*RECORDED INFORMATION*
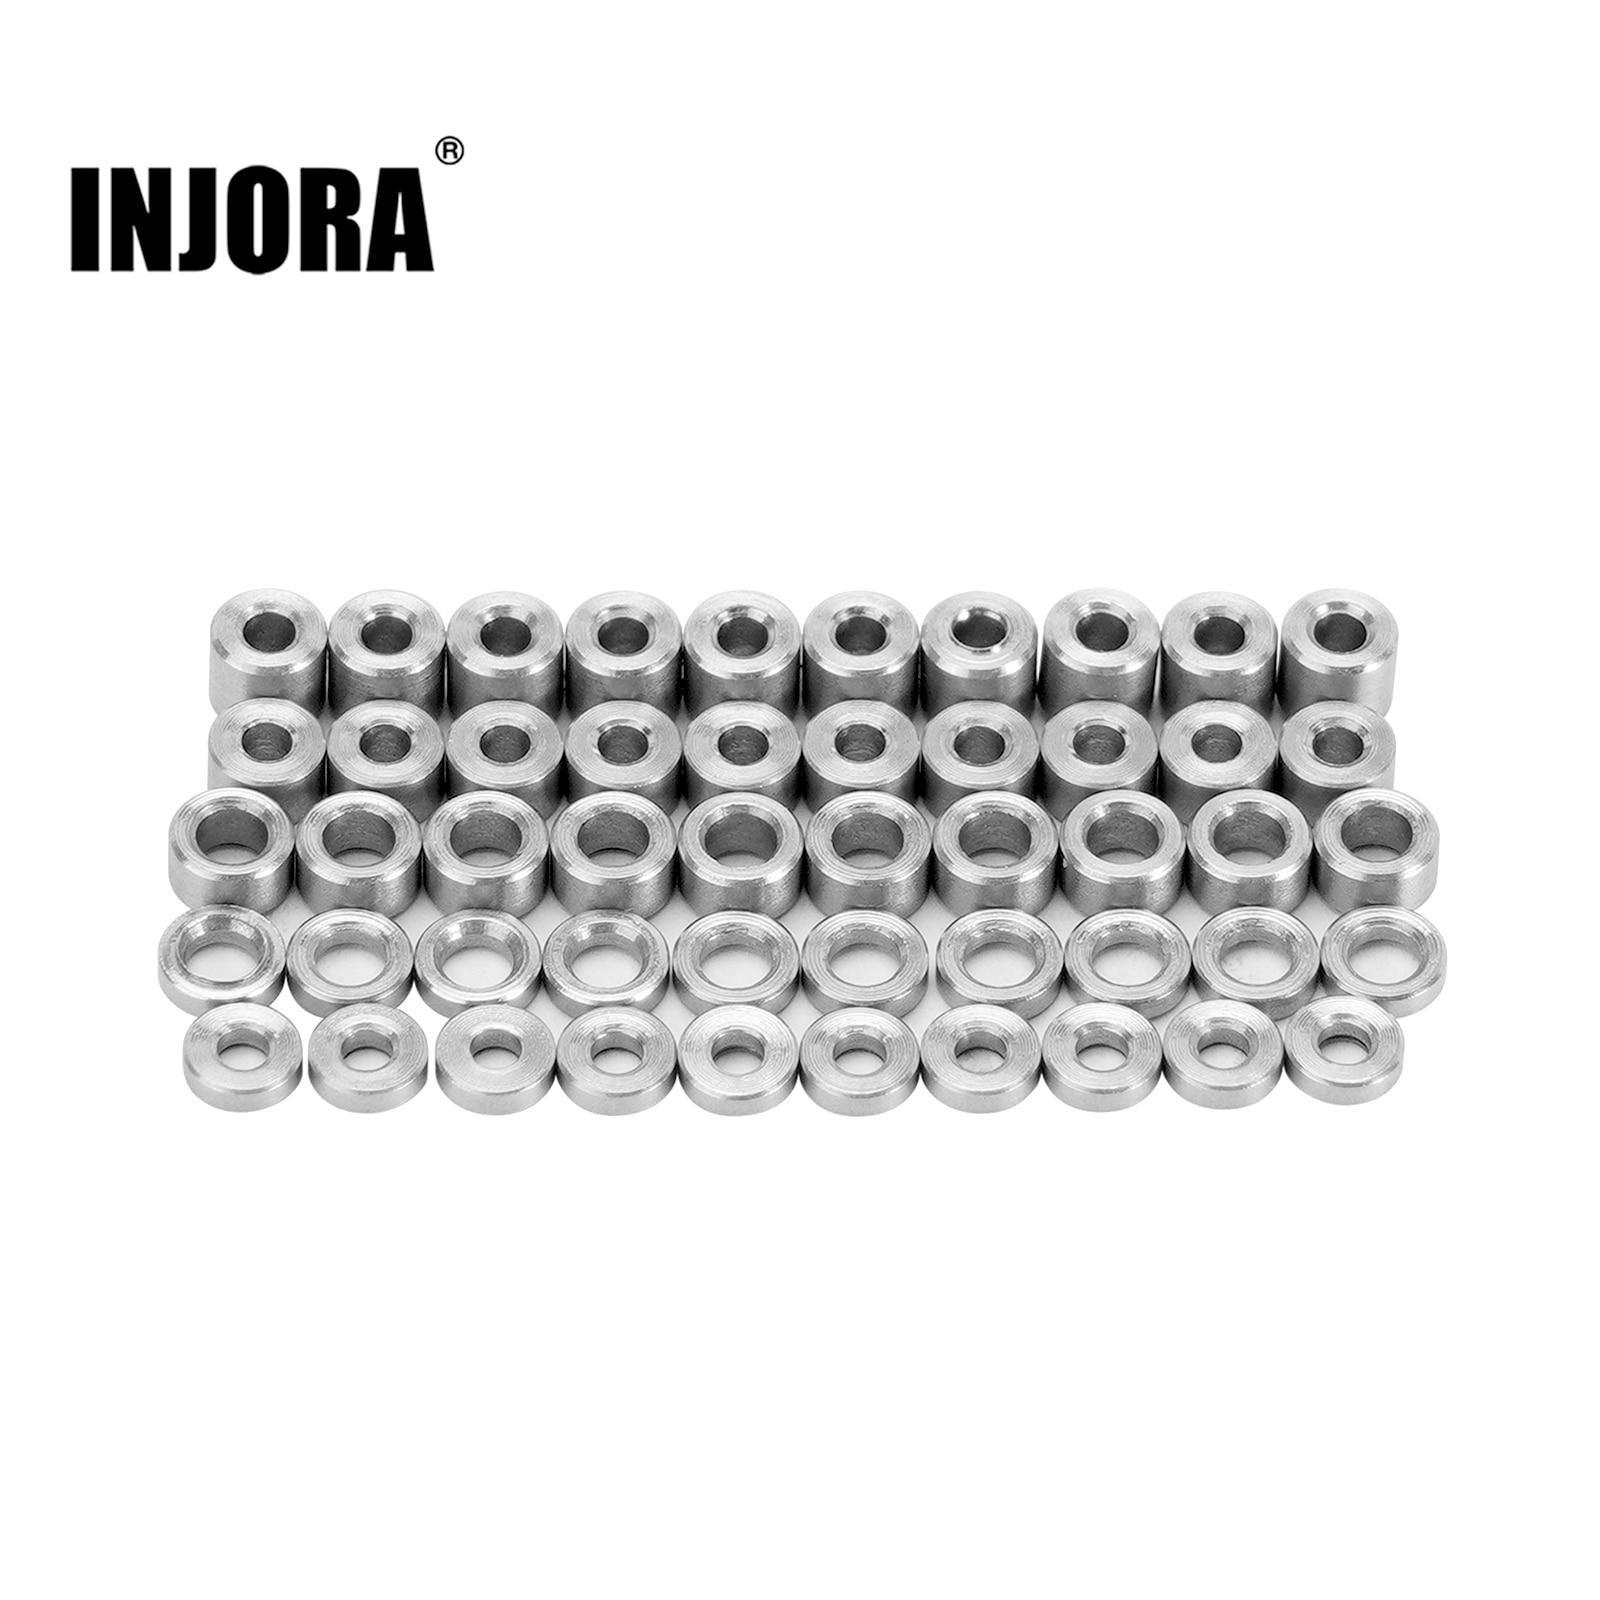 INJORA-50PCS-M1-4-M2-Flat-Stainless-Steel-Washers-Spacers-For-1-24-RC-Crawler-SCX24.jpg
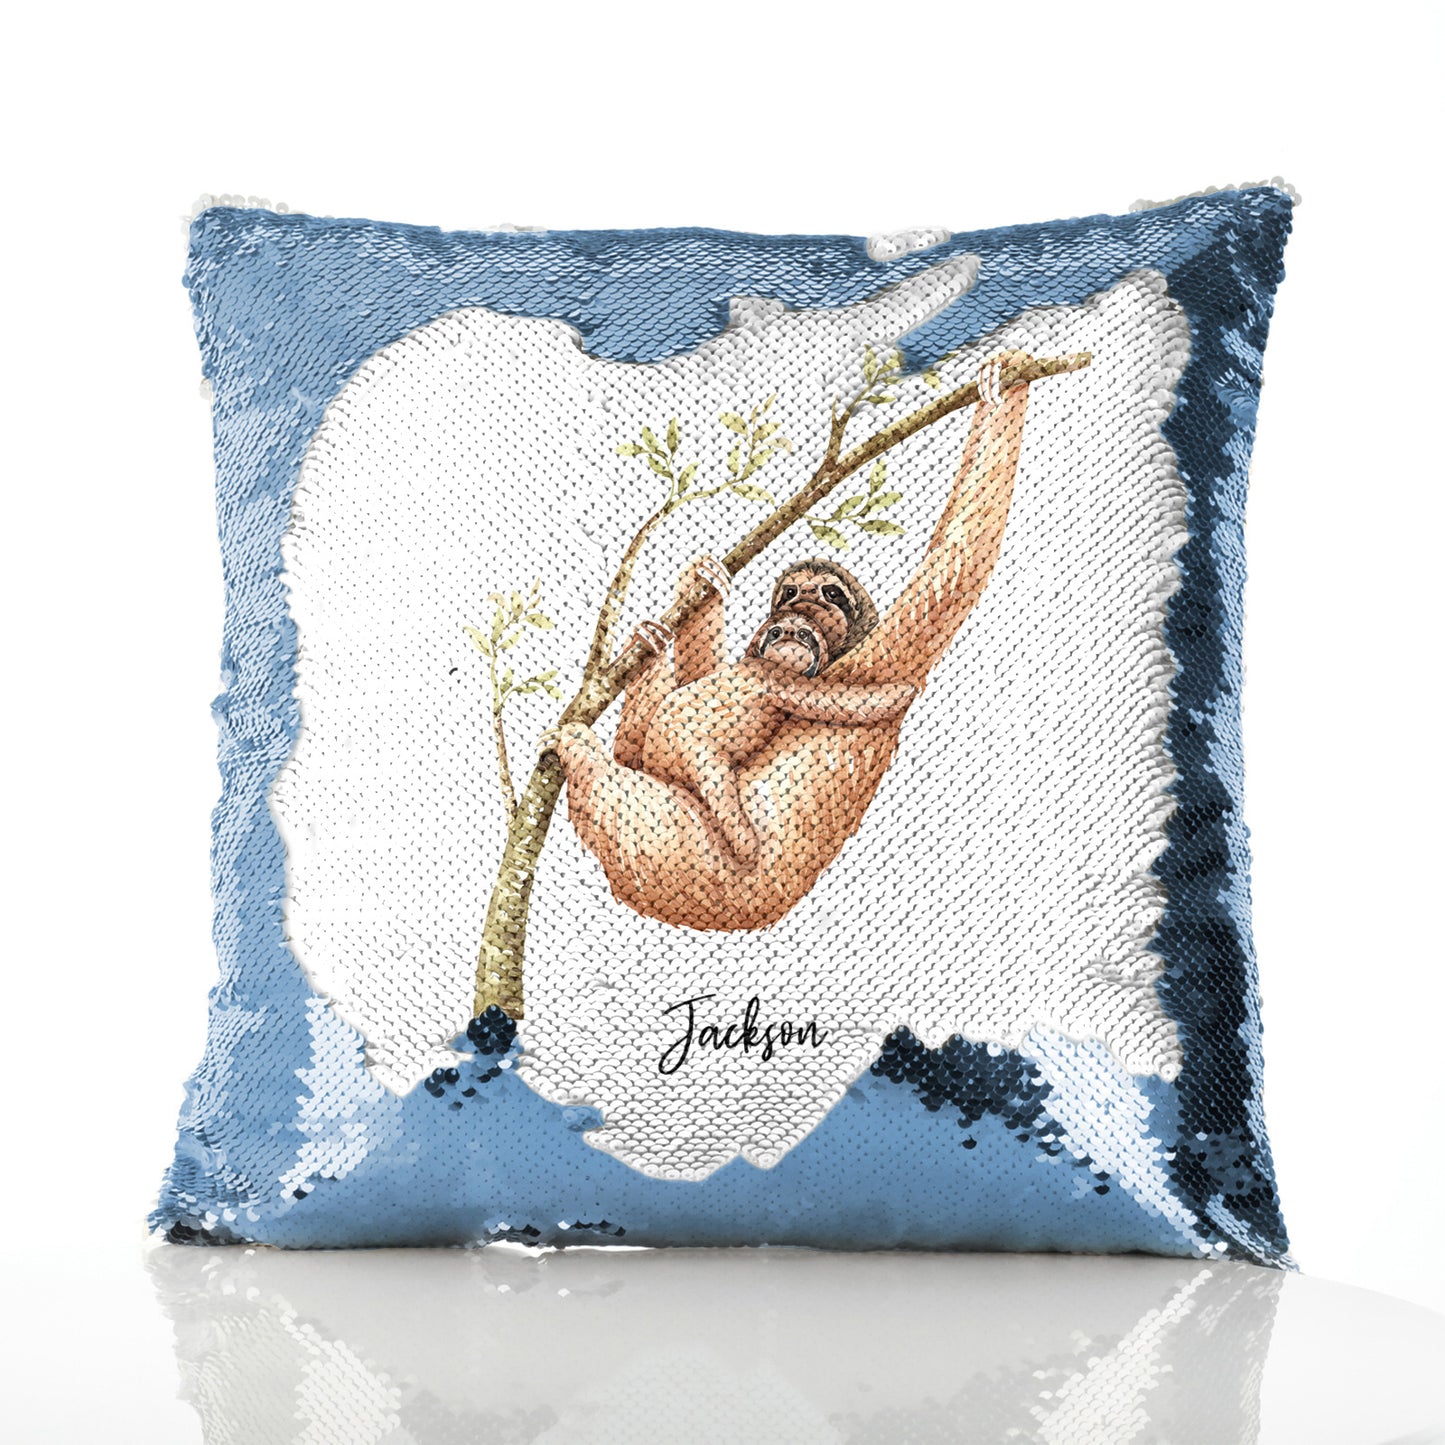 Personalised Sequin Cushion with Welcoming Text and Climbing Mum and Baby Sloths
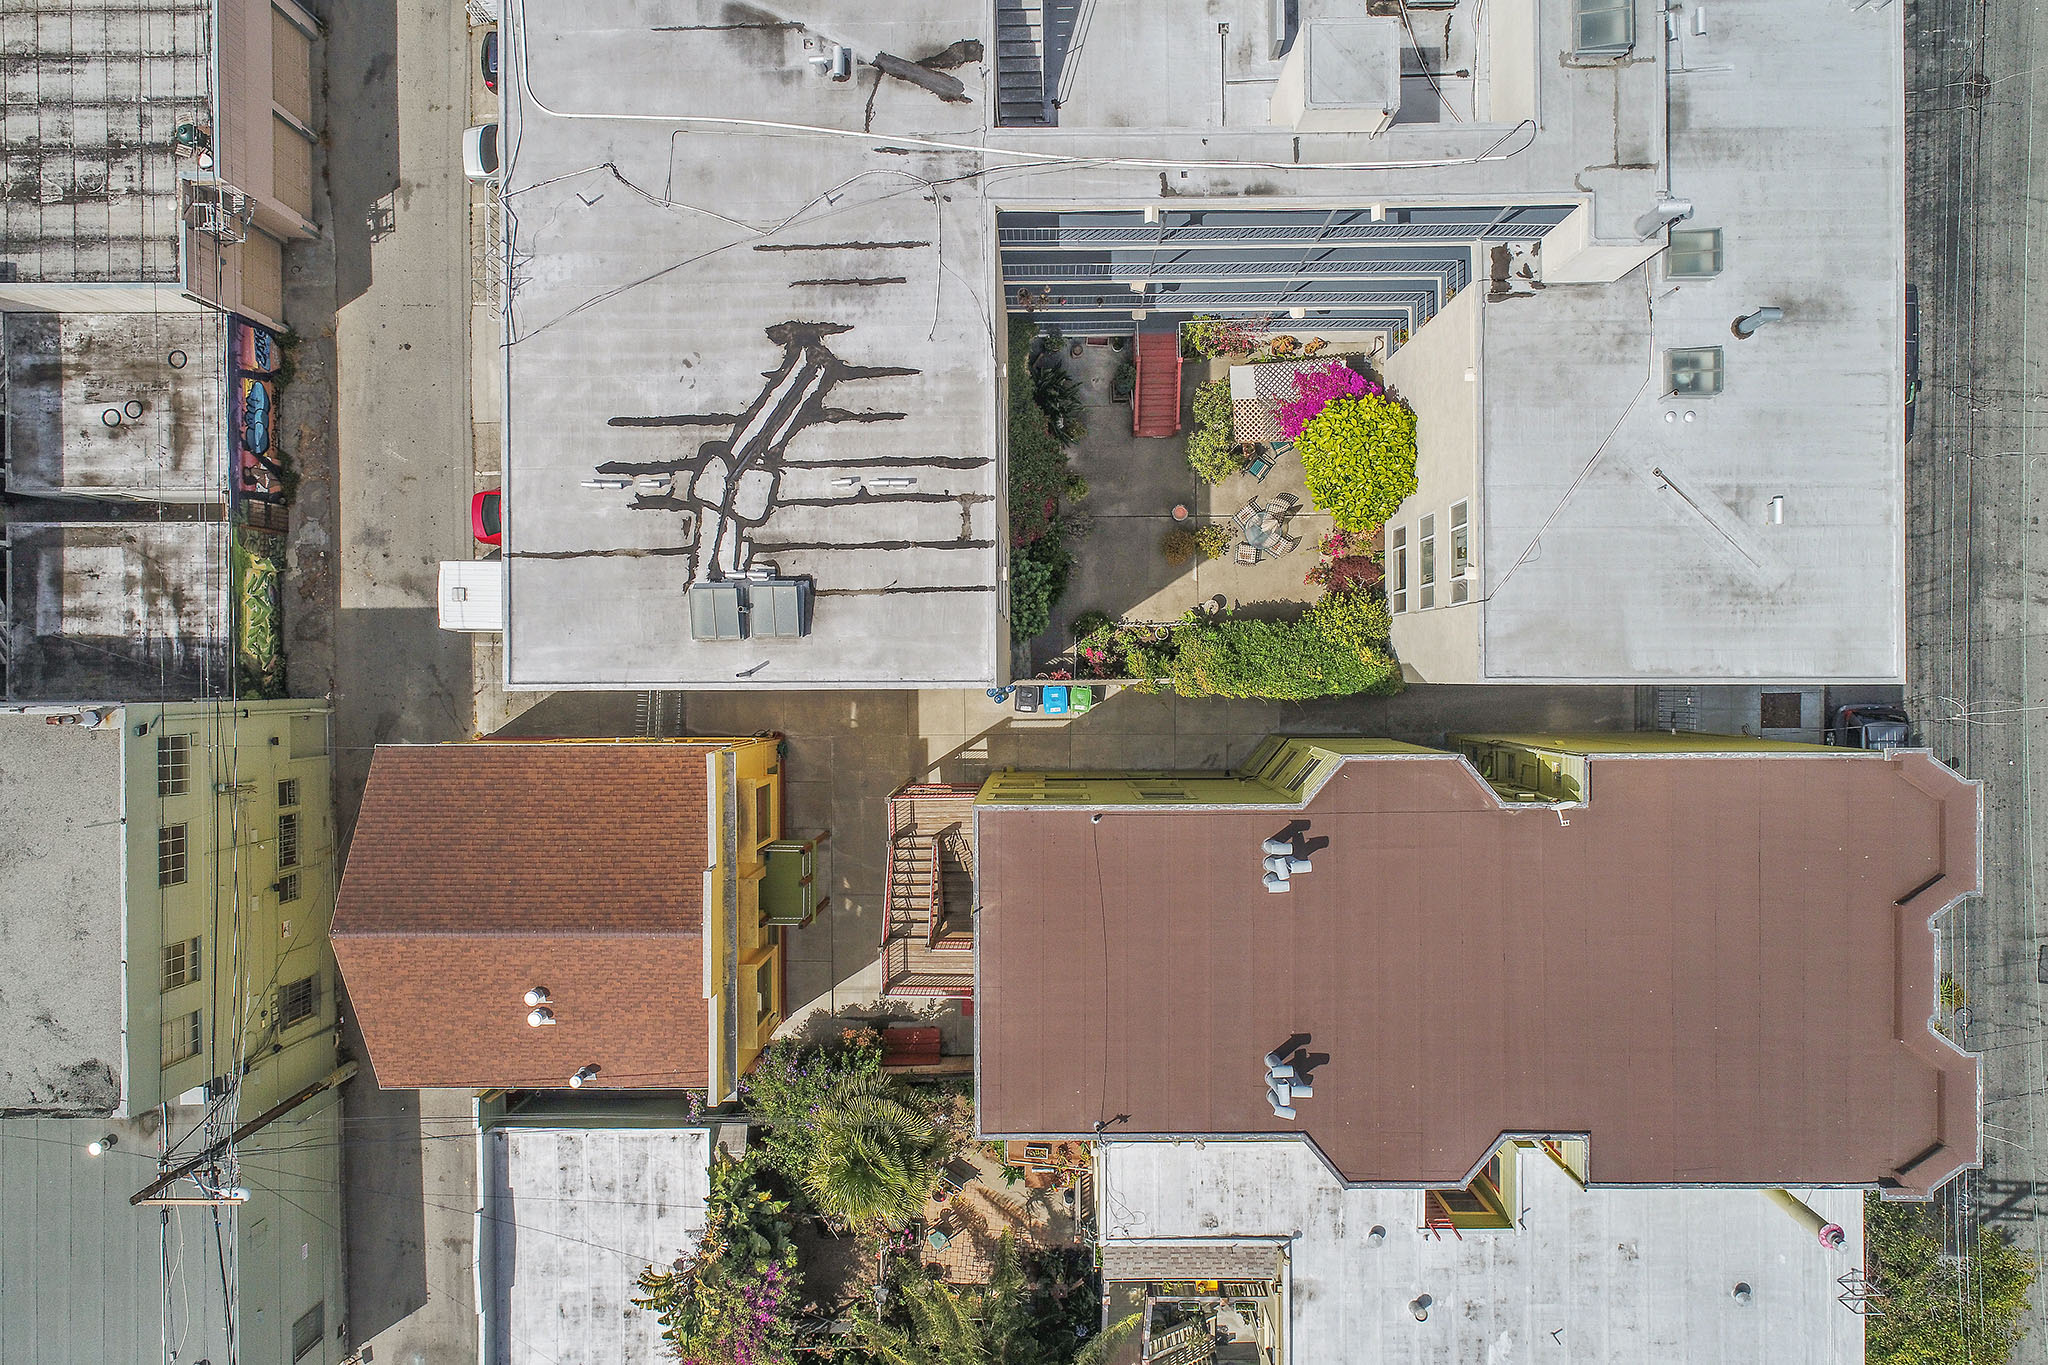 Property Photo: Aerial view looking down at 464-468 Bartlett Street, showing a larger property to the right, and a smaller stand-along property to the left

*REQUIRED WORK*
Skip the pictures and write out exactly the lines from the line containing "Personalised Sequin Cushion" through the end of the listing above.

*RESULT*
 Personalised Sequin Cushion with Welcoming Text and Climbing Mum and Baby Sloths
 Property Photo: Aerial view looking down at 464-468 Bartlett Street, showing a larger property to the right, and a smaller stand-along property to the left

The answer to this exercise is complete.